Title: Abortion: A Rational Look at an Emotional Issue
Author: R.C. Sproul
Publisher: Reformation Trust
Publishing Year: 2010
My Rating: 5 out of 5 (1 meaning I hated the book, 5 meaning I loved the book)
Yesterday students across the nation took part in the National Pro Life Day of Silent Solidarity which got me thinking about this book by R.C. Sproul. This was updated and released just in time for 37th anniversary for the Roe v. Wade Supreme Court decision. The goal was to get this book in the hands of every congressman and senator in Washington. If they read the book, it would not doubt have an impact.

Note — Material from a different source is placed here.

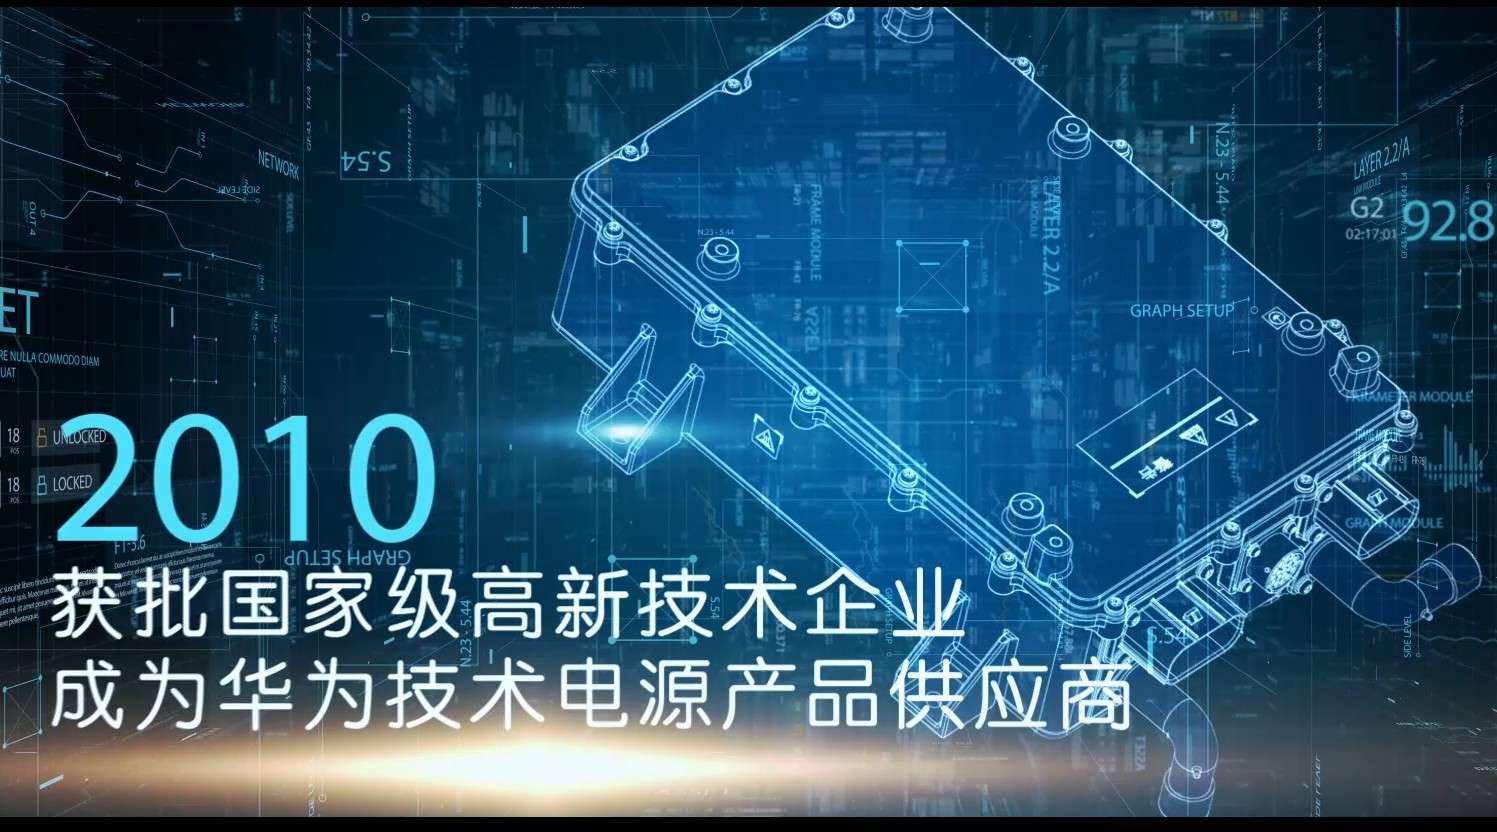 深圳威迈斯电源有限公司《变革》

This book is well worth the read, and I would encourage everyone objectively thinking about this issue to go out a buy a copy. One by one, Sproul tackles the objections of the pro-choice crowd and systematically and intelligently dismantles each of them. There is much discussion on issues such as the role of government, imposing morality, when life actually begins and the nature of sin in general. But, wait, there’s more…
It seems as though most pro-life material out there seeks to either pull at the heart strings or outrage the civilized, clear thinking conscience. However, this book provides a well-thought out philosophical worldview that not only is not only useful in attacking pro-choice arguments, but grounds the Christian in a thoroughly Biblical foundation that promotes the sanctity of life in the image of God.
Here’s just one example of what you will find in the book:
“In so far as we are still human, we retain the image of God in the wider sense. We are still valuable creatures. We may no longer be worthy, but we still have worth. This is the resounding biblical message of redemption. The creatures God created are the same creatures He is moved to redeem. Because Christians speak so tirelessly about human sin, do they have a low view of humanity? Indeed, they have a love view of human virtue, but not a corresponding love view of human worth or importance. It is precisely because the Bible has such a high view of human dignity that Christian take human sin so seriously. If one rat steals another rat’s food, we don’t get morally outraged. But, it one human steals another human’s food, we rightly become concerned.” (pages 22-23)
Clearly, R.C. Sproul’s gift is his ability to explain difficult concepts in an easy-to-understand manner. I taught through much of this material with my high school students and found it a huge help. The summary and discussion questions at the end of each chapter also help in taking in all this material.
I don’t normally say this, but this is a “must-read.” If you have any commitment to the life issue, buy this book! If you wonder why so many are committed to the life issue, buy this book! You will not regret it.
Disclaimer: This book was provided by the publisher for review. I was under no obligation to offer a favorable review.